▶ Assignment
A verbatim copy is needed of the lines below from the one containing "1971 © Eileen" up to and including the one containing "Porgy and Bess TRINIDAD Ver 2.JPG", excluding pictures.

▶ Excerpted records
——

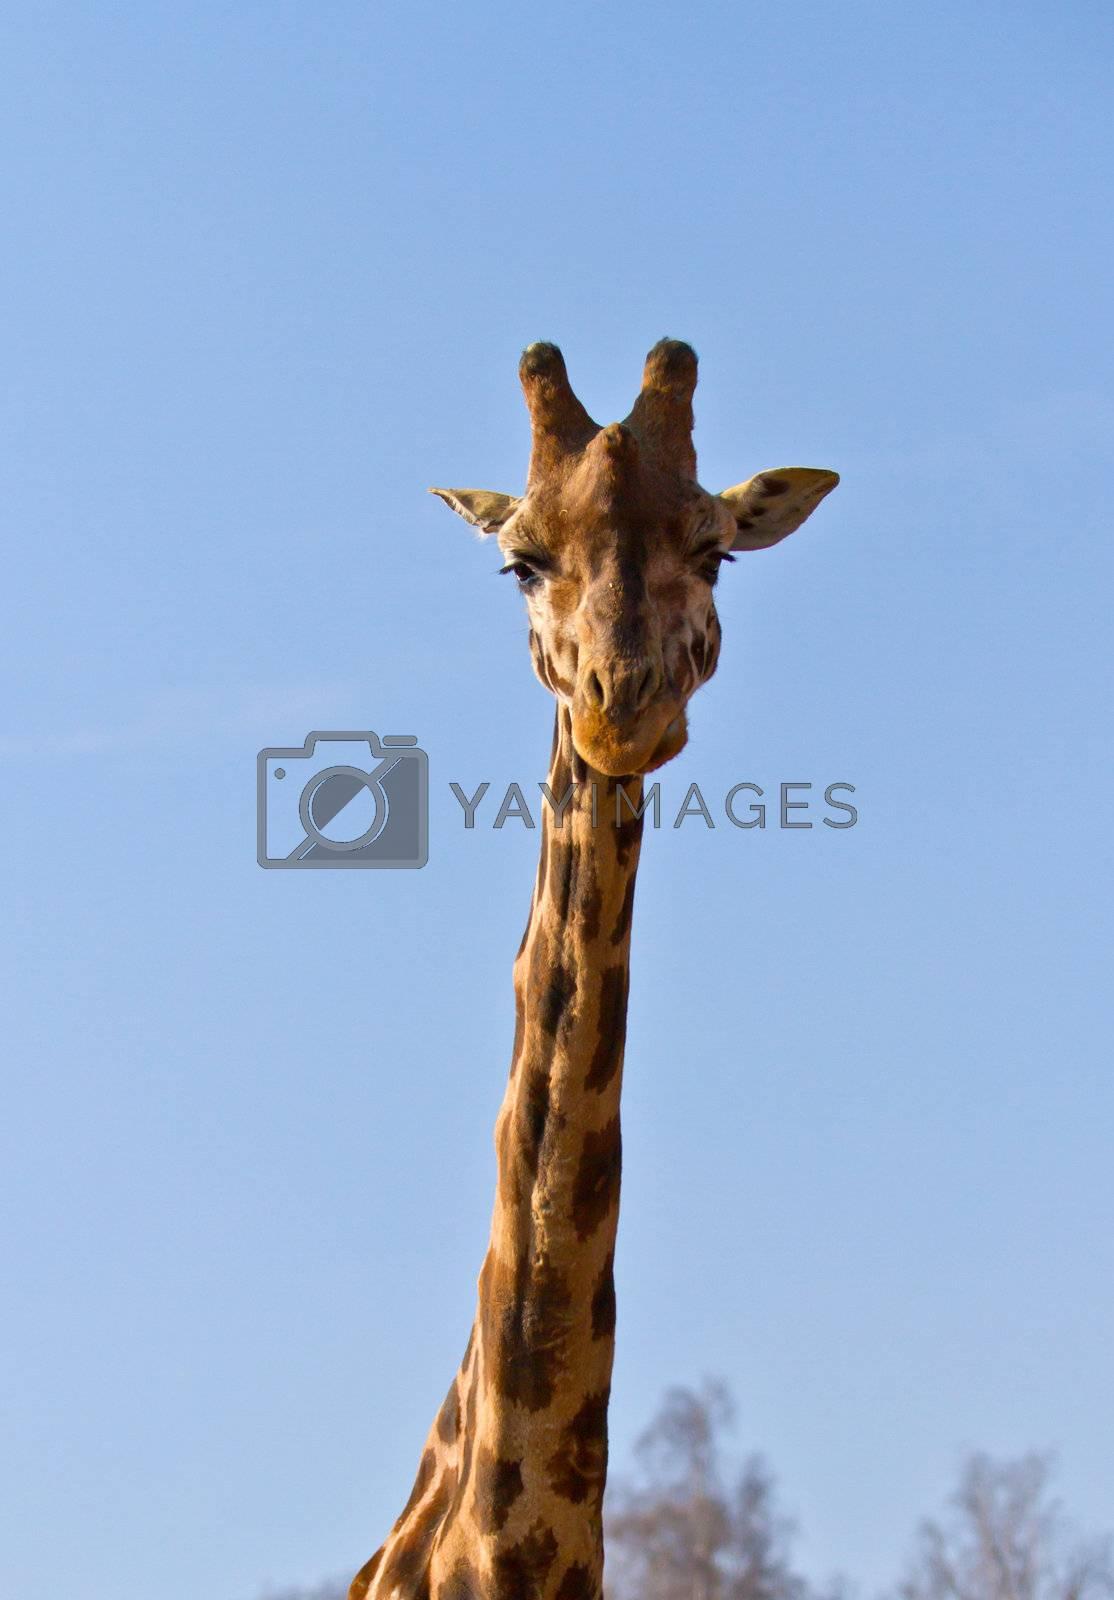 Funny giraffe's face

——

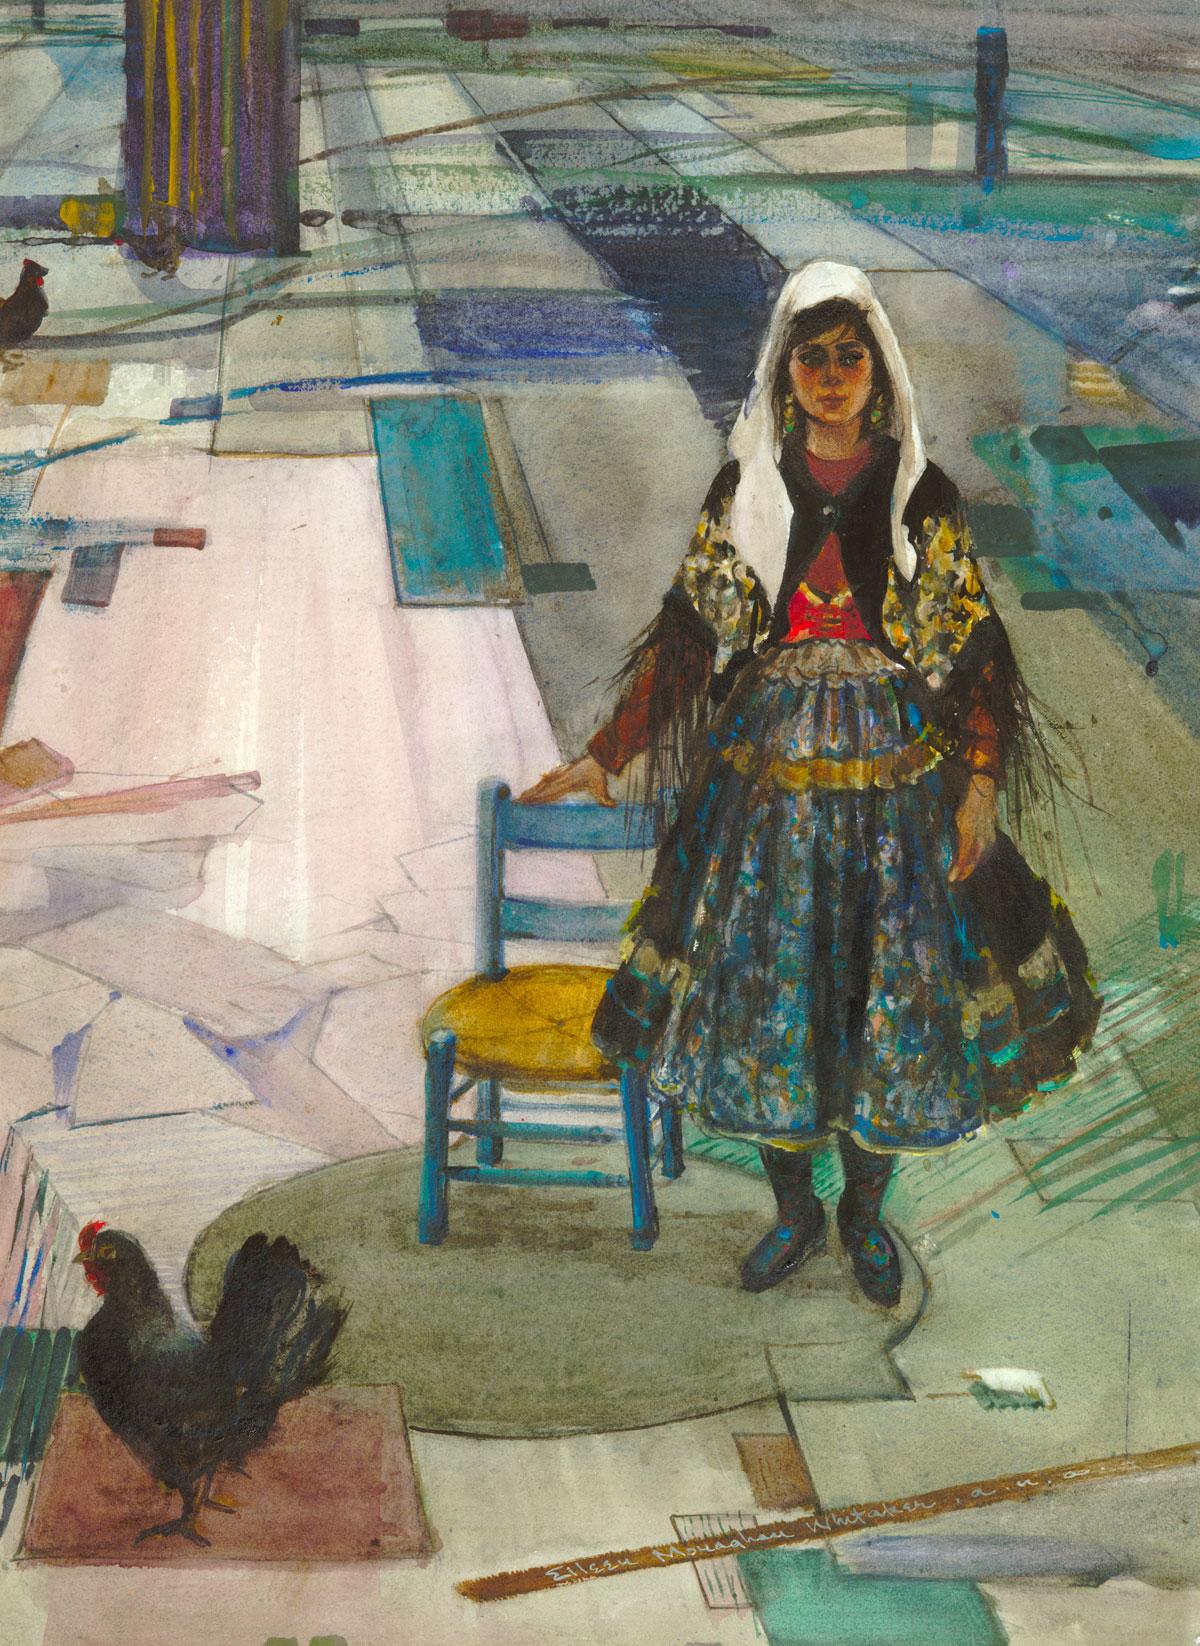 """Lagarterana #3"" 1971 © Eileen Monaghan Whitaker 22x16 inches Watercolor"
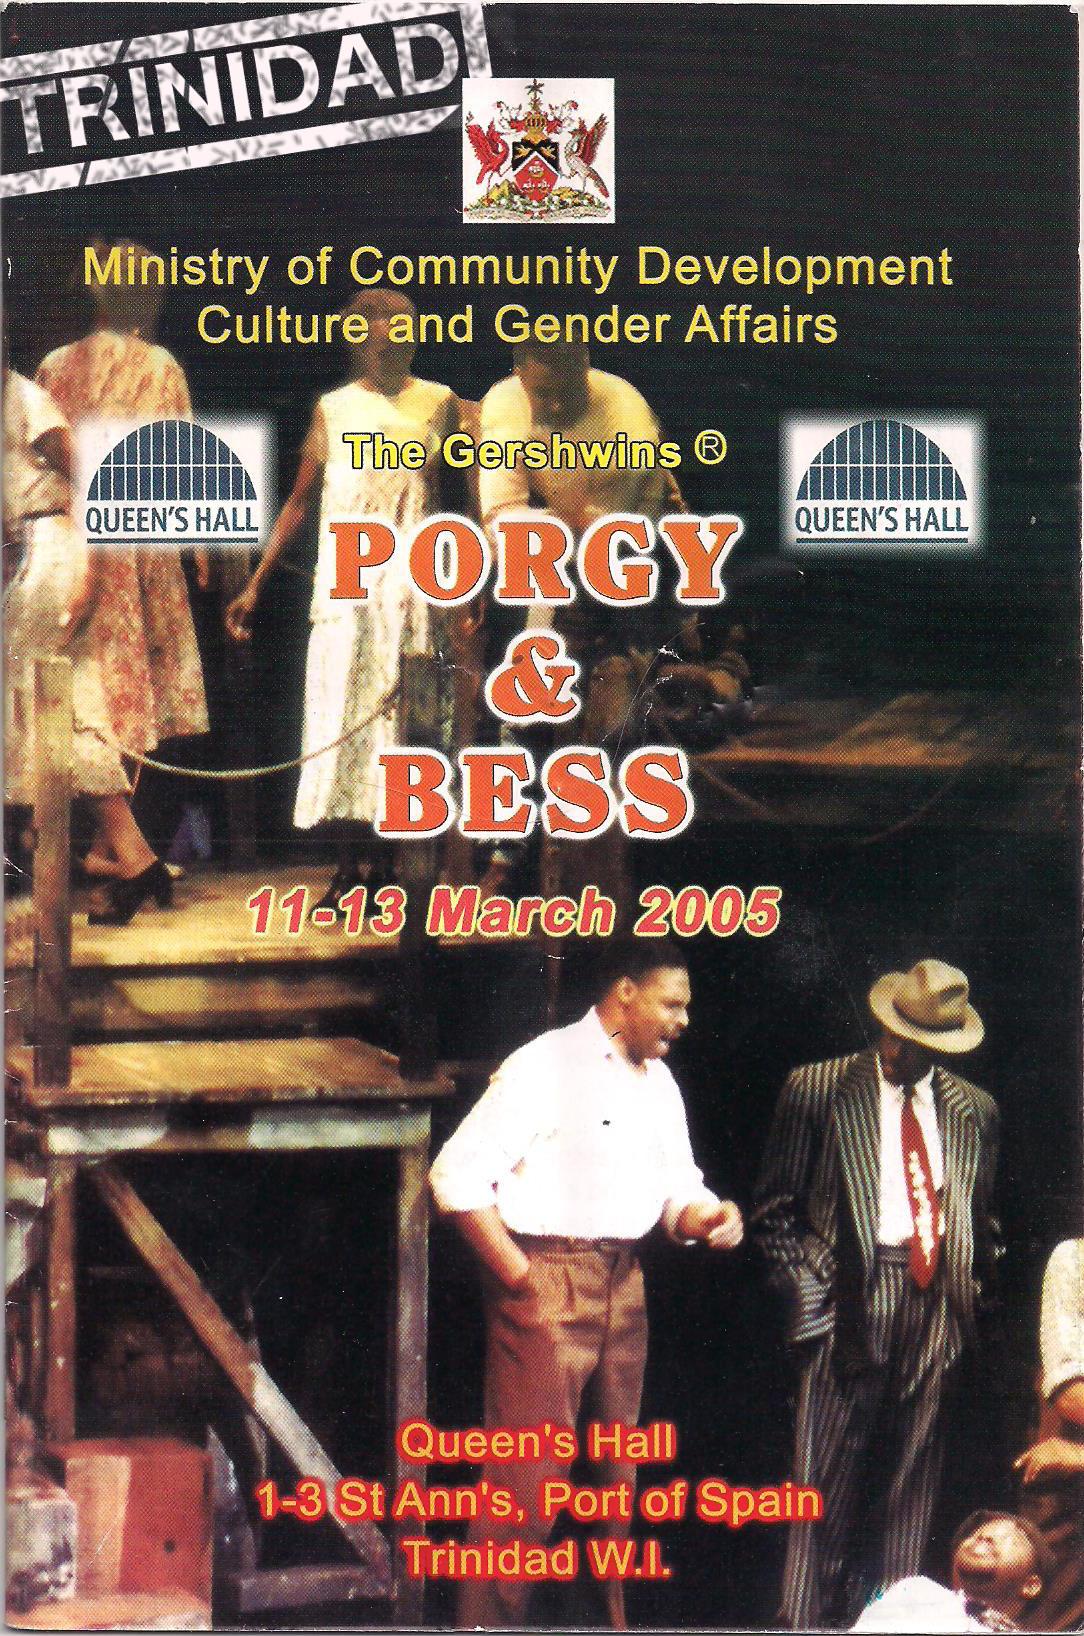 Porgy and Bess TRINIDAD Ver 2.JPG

——

▶ Result of the exercise
 """Lagarterana #3"" 1971 © Eileen Monaghan Whitaker 22x16 inches Watercolor"
 Porgy and Bess TRINIDAD Ver 2.JPG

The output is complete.